> **Work instructions**
Output the data below only from the line containing "Funko Pop! Marvel" up to and including the line containing "Women's The Small Tote Bag by Marc Jacobs", exact and with the pictures left out.

> **Exercise materials**
=-=-=

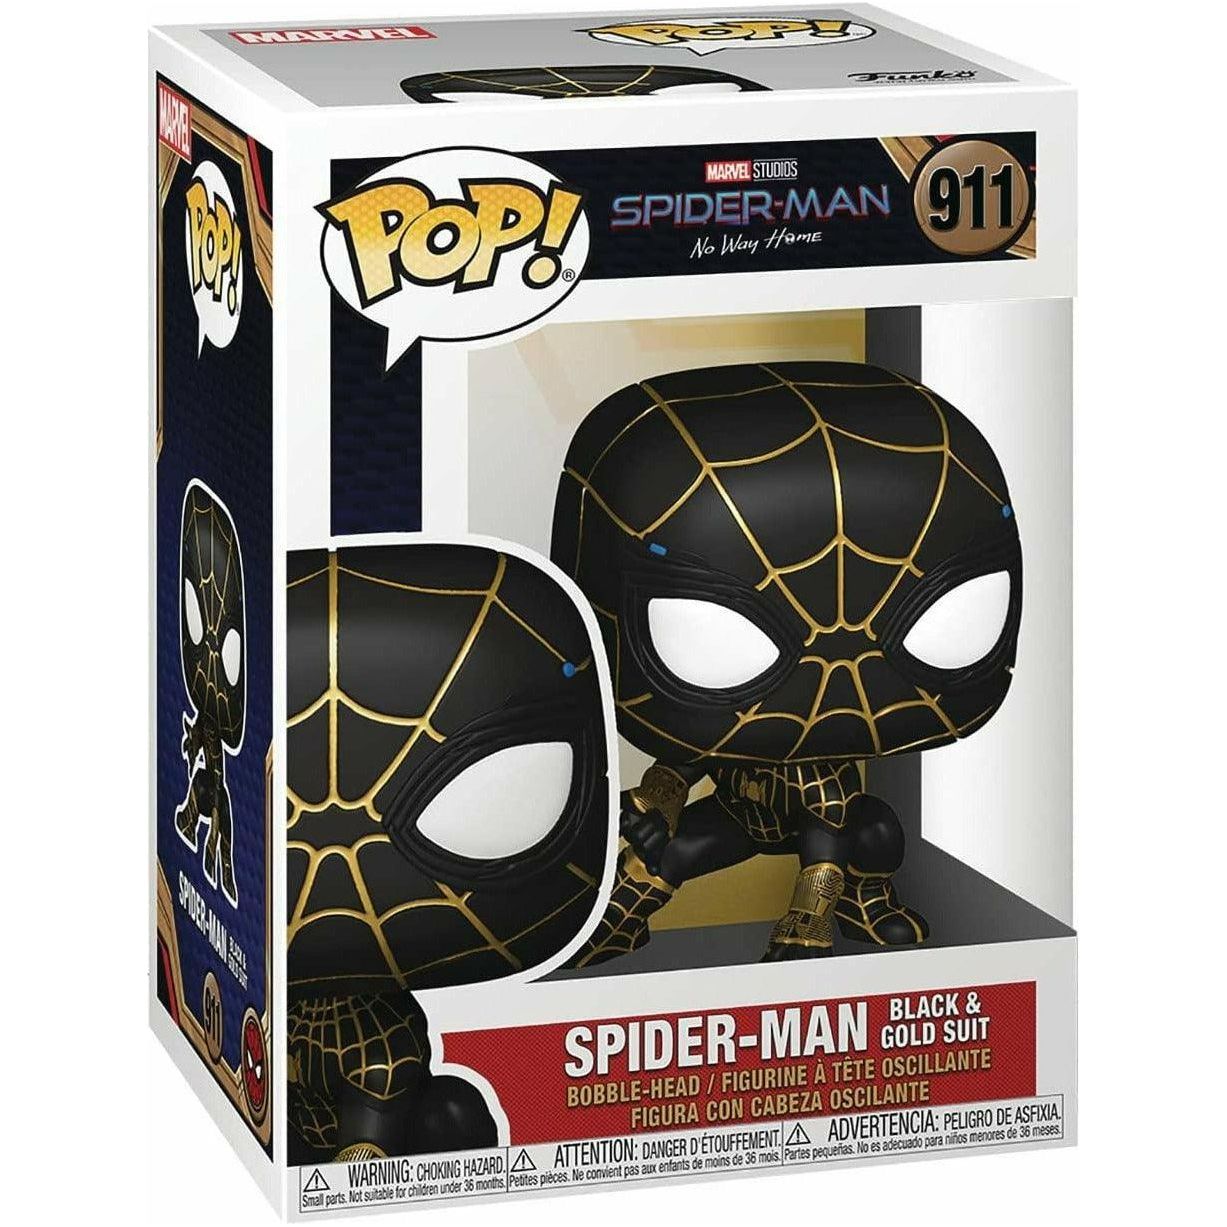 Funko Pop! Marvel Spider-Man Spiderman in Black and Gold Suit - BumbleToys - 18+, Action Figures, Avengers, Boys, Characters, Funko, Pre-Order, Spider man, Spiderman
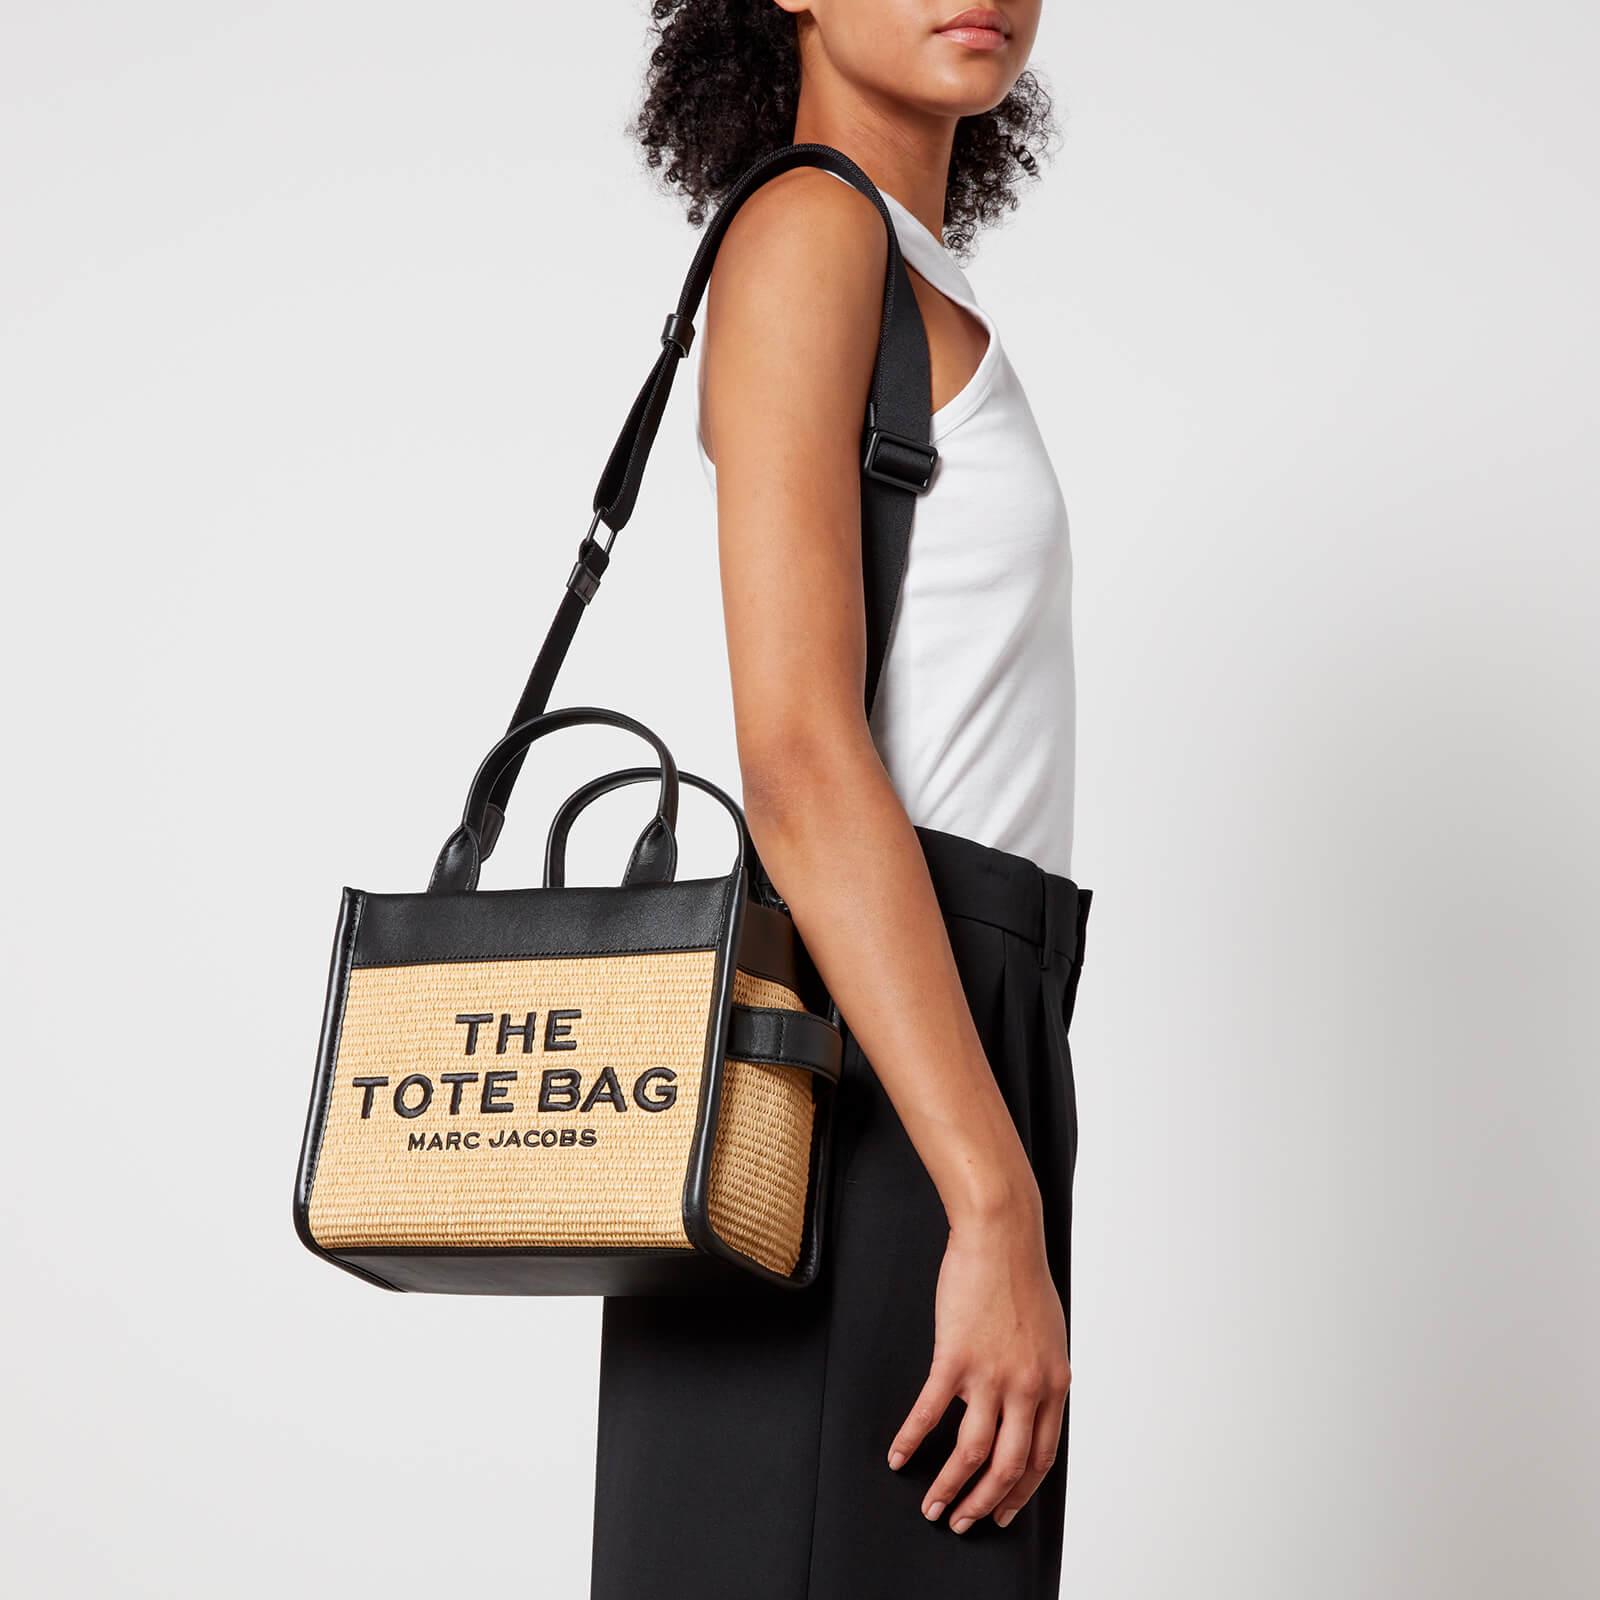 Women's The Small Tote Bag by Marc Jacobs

=-=-=

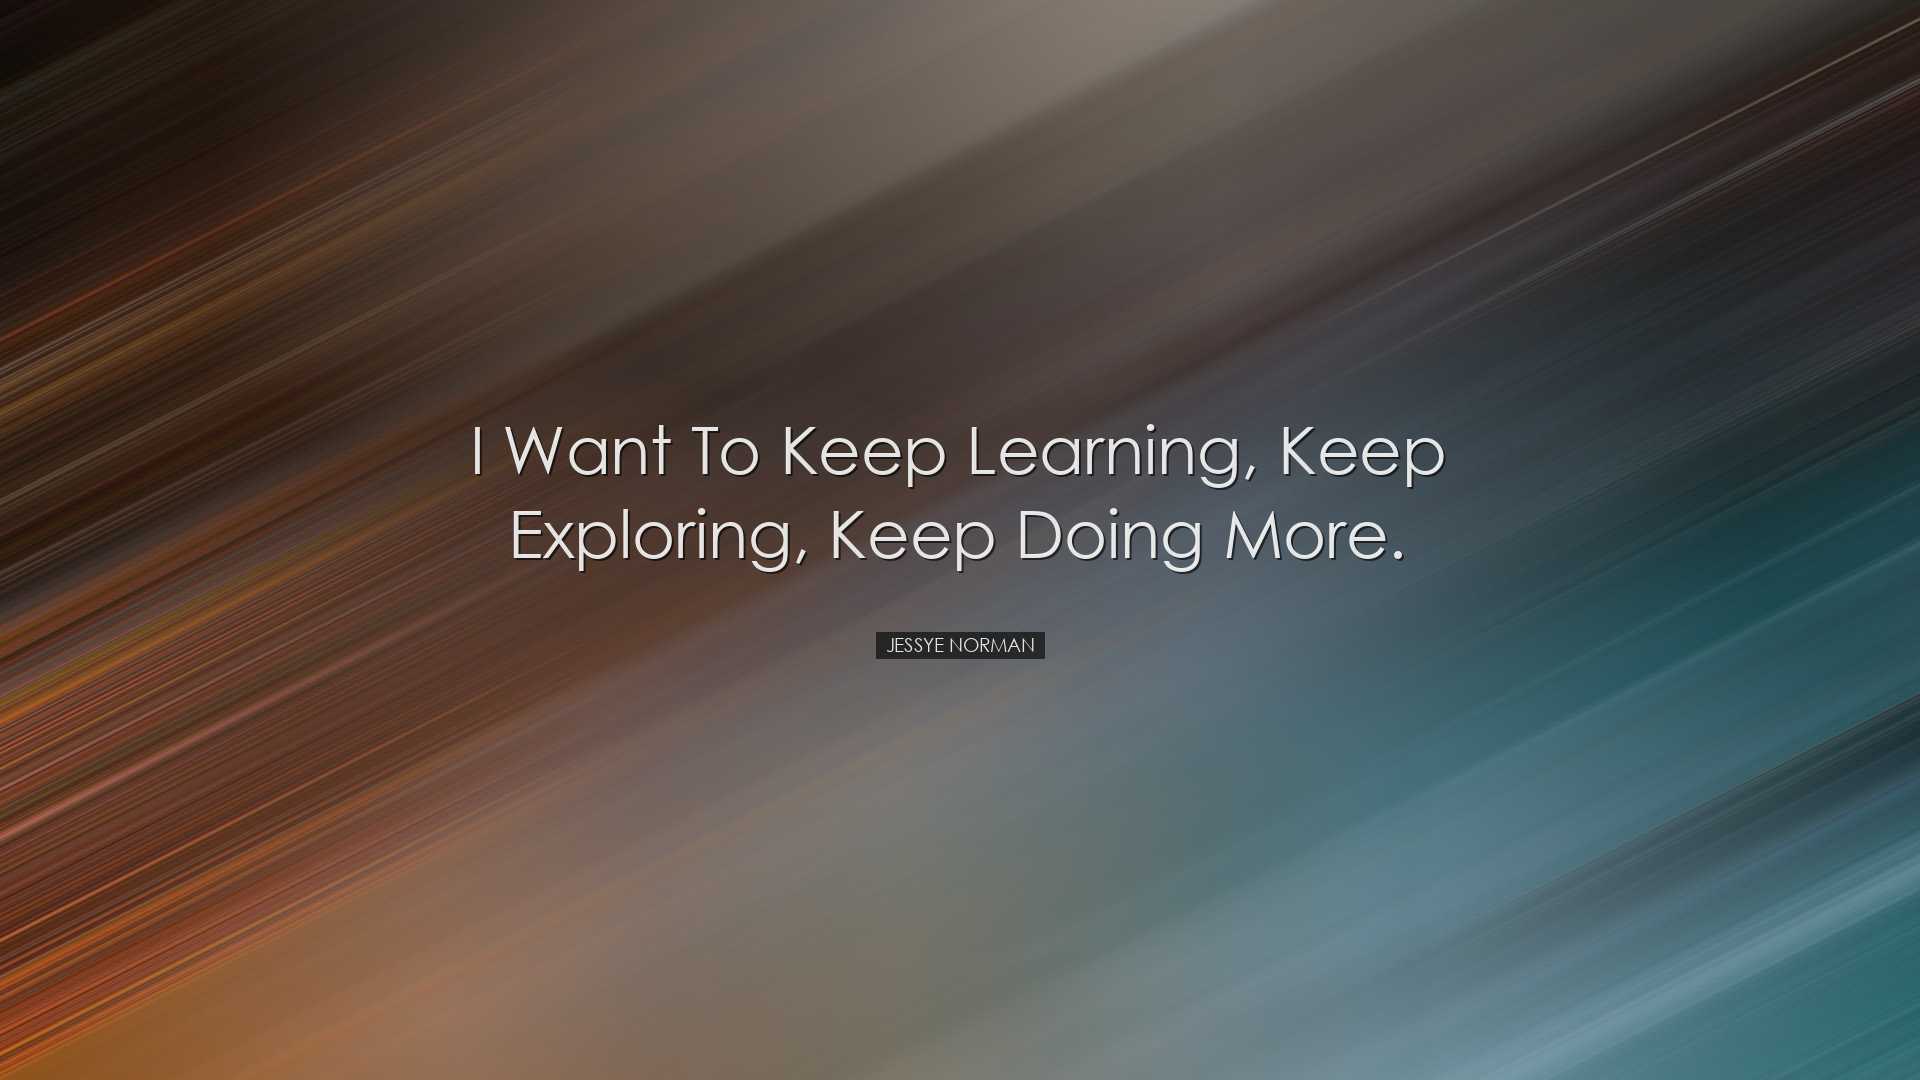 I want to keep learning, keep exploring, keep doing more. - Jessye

=-=-=

> **Response to this exercise**
 Funko Pop! Marvel Spider-Man Spiderman in Black and Gold Suit - BumbleToys - 18+, Action Figures, Avengers, Boys, Characters, Funko, Pre-Order, Spider man, Spiderman
 Women's The Small Tote Bag by Marc Jacobs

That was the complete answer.